My internship: This summer I worked for a non-profit organization called Global Learning in Nicaragua and Costa Rica. This program is made up of volunteers both from the host countries and from around the world. I was selected to be a leader for the Costa Rica program. So, I spent my first three weeks attending leadership training in San Jorge, Nicaragua. Here I learned the best practices in student-centered education, community organizing and leadership. I did not expect to learn so much from the children and feel so inspired by their way of life.
After the leadership training we began the program in Costa Rica. I acted as an assistant program leader for this program and I had the responsibility of planning meetings, planning events, money management, food management, keeping the pulse of the team, and acting as a liaison between the volunteers and program leaders. In addition, we taught at least three times a week at four different public schools in Guanacaste, Costa Rica for elementary school students.

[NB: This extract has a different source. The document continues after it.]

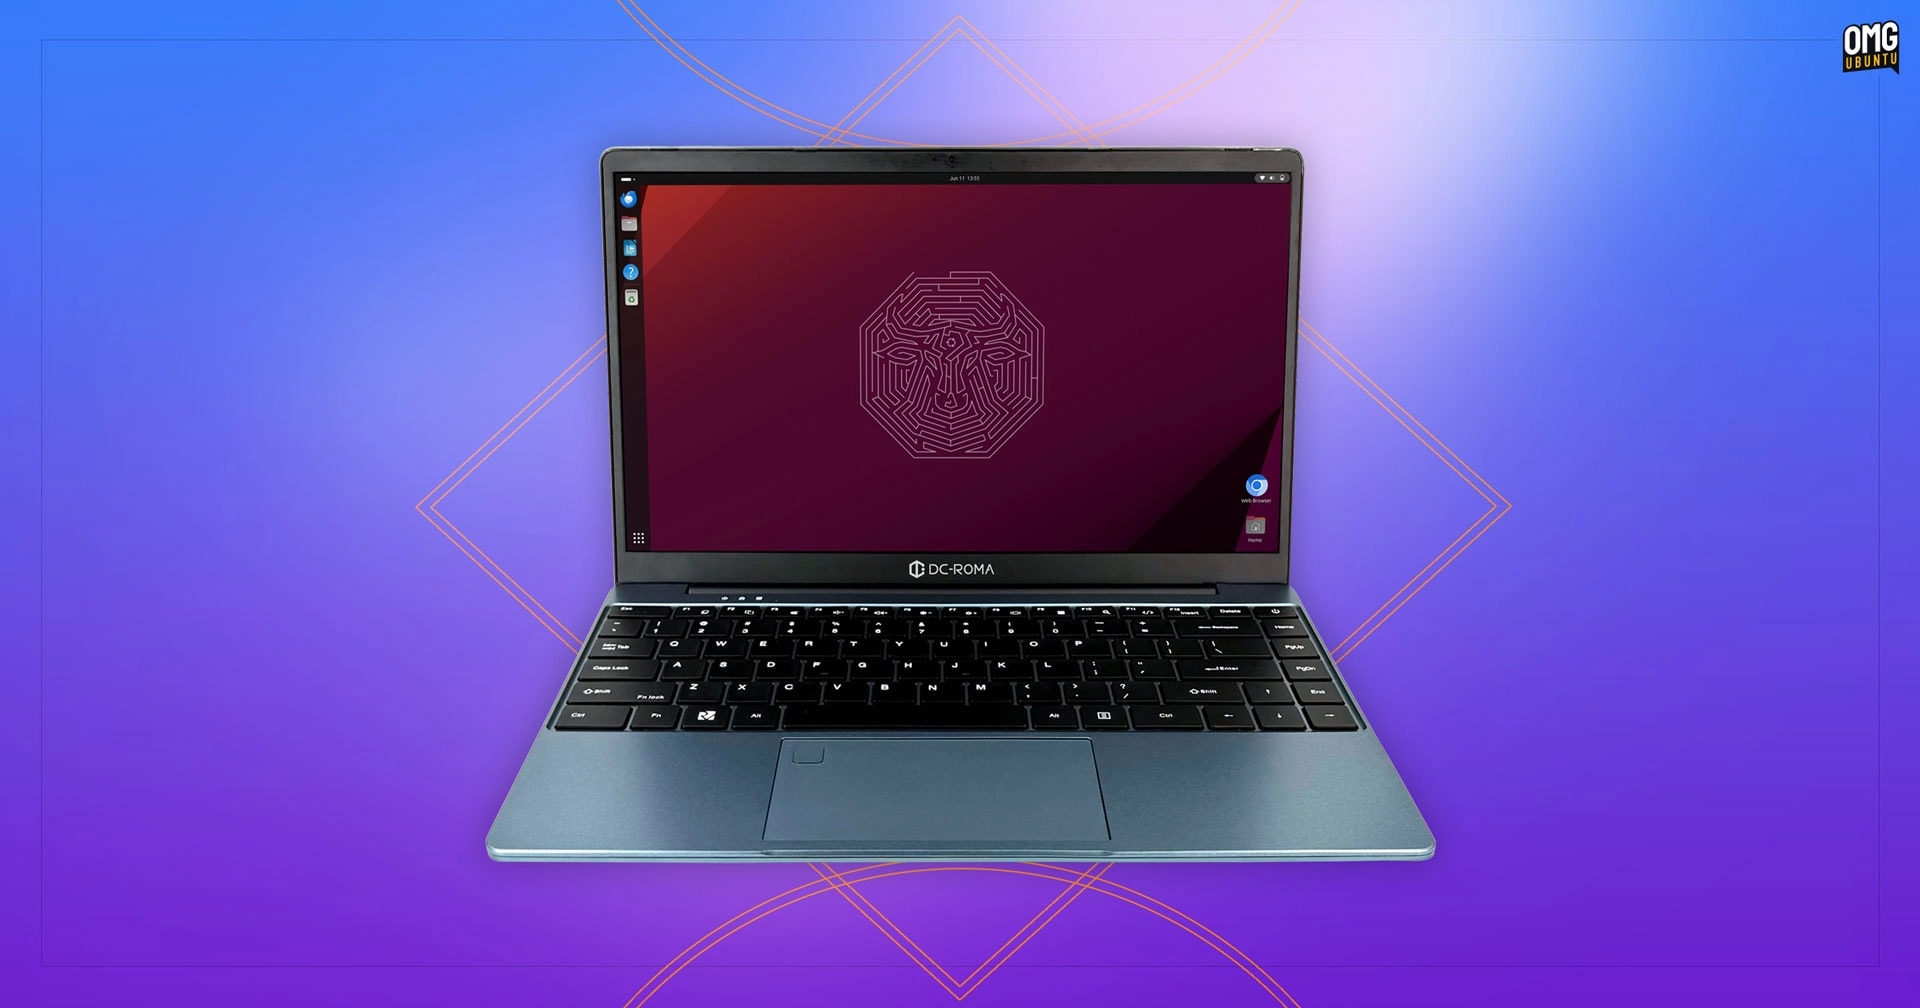 Introducing the World’s First RISC-V Laptop Powered by Ubuntu

What I learned: I learned that people from extremely different walks in life could break down strong barriers through honesty and open communication and form true friendships. I learned that patience and love are two of the most important qualities to give to children and students; and just people in general. I did not expect to learn so much from the children and feel so inspired by their way of life.
What I hoped to contribute: I wanted to make sure that I did not enter into a culture that I knew nothing about and try to teach children based on Western values. I wanted to make sure that I could learn a bit about the culture in which I was teaching, and teach the students in a way that would ring true to them and would truly make an impact on their lives and the public schools in general.
How I learned of this opportunity: Darlene Biddy ’10 came into my Spanish class one day to recruit volunteers for this program. She gave a three-minute description of Global Learning. I became very interested in this program and ended up emailing her after class to seek more information. Eventually I decided to apply for this program and use my Community Scholar Stipend to fund my travels.
Most surprising: I never thought that I would feel so close to everybody that I worked with. I ended up leaving feeling like I had a family. I also learned so much from the children that I was working with. Their kindness, patience, innocence, and open-mindedness inspired the way that I want to live my life. I was very surprised by the amount of independence their parents gave them, and how responsible the students became at such a young age.
How it changed my course of study: It is clear to me that I want to keep traveling and putting myself in situations that are outside of my comfort zone. I also want to immerse myself in different cultures and ways of living both inside and outside of the United States so that I continuously foster an open and curious mind about the many different cultures in the world. I believe that the way to help people is based on a multicultural practice rather than monocultural one.